Overview
Update June 25, 2025: Update statistics to reflect an additional 6 affected models from Konica Minolta, Inc.
Rapid7 conducted a zero-day research project into multifunction printers (MFP) from
Brother Industries, Ltd. This research resulted in the discovery of
8 new vulnerabilities. Some or all of these vulnerabilities have been identified as affecting 689 models across Brother’s range of printer, scanner, and label maker devices. Additionally, 46 printer models from FUJIFILM Business Innovation, 5 printer models from Ricoh, 2 printer models from Toshiba Tec Corporation, and 6 models from Konica Minolta, Inc. are affected by some or all of these vulnerabilities. In total,
748 models across 5 vendors are affected. Rapid7, in conjunction with
JPCERT/CC, has worked with Brother over the last thirteen months to coordinate the disclosure of these vulnerabilities.

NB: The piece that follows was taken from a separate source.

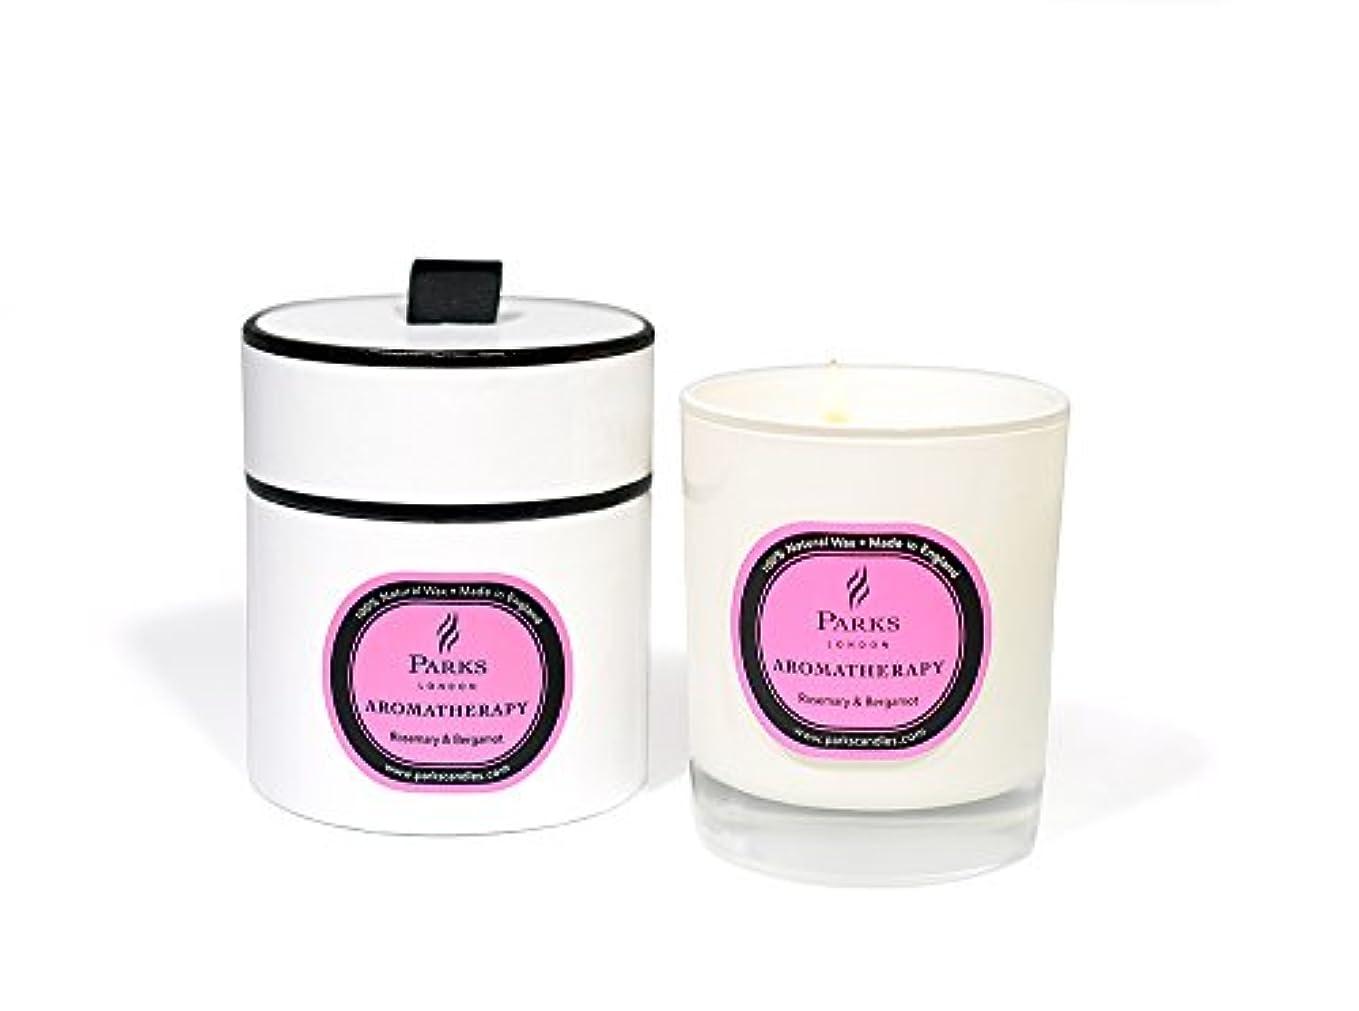 いまドループ辞任する(Rosemary & Bergamot) - Parks Aromatherapy Natural Wax Candle, Rosemary & Bergamot, 235g, Giftboxed
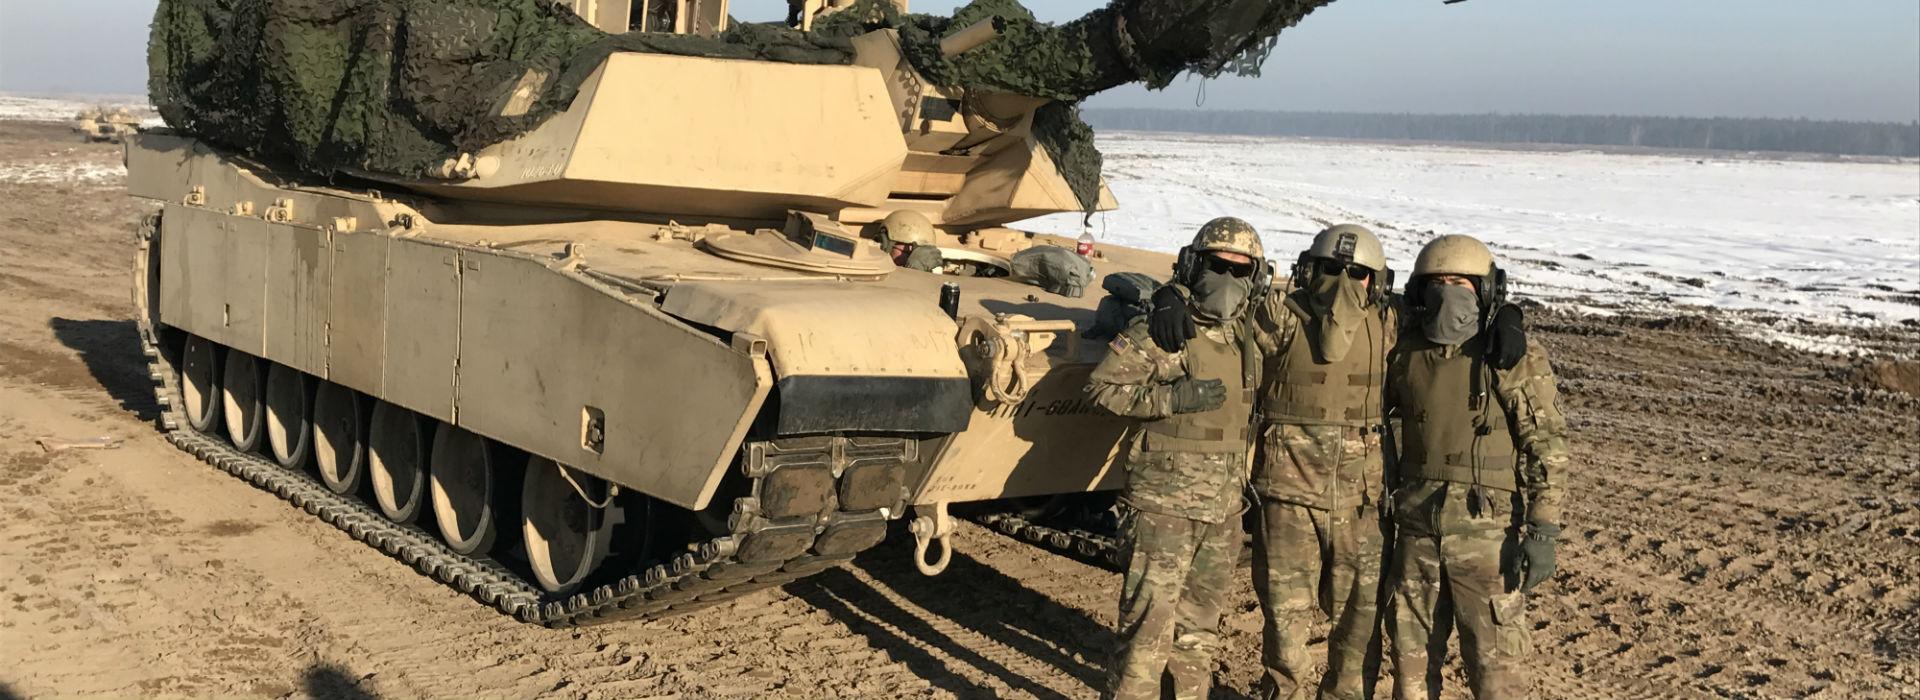 Amerykańscy żołnierze czują się u nas jak w domu

The most serious of the findings is the
authentication bypass CVE-2024-51978. A remote unauthenticated attacker can leak the target device's serial number through one of several means, and in turn generate the target device's default administrator password. This is due to the discovery of the default password generation procedure used by Brother devices. This procedure transforms a serial number into a default password. Affected devices have their default password set, based on each device's unique serial number, during the manufacturing process.
Brother has indicated that this vulnerability cannot be fully remediated in firmware, and has required a change to the manufacturing process of all affected models. Only affected models that are made via this new manufacturing process will be fully remediated against
CVE-2024-51978. For all affected models made via the old manufacturing process, Brother has provided a workaround.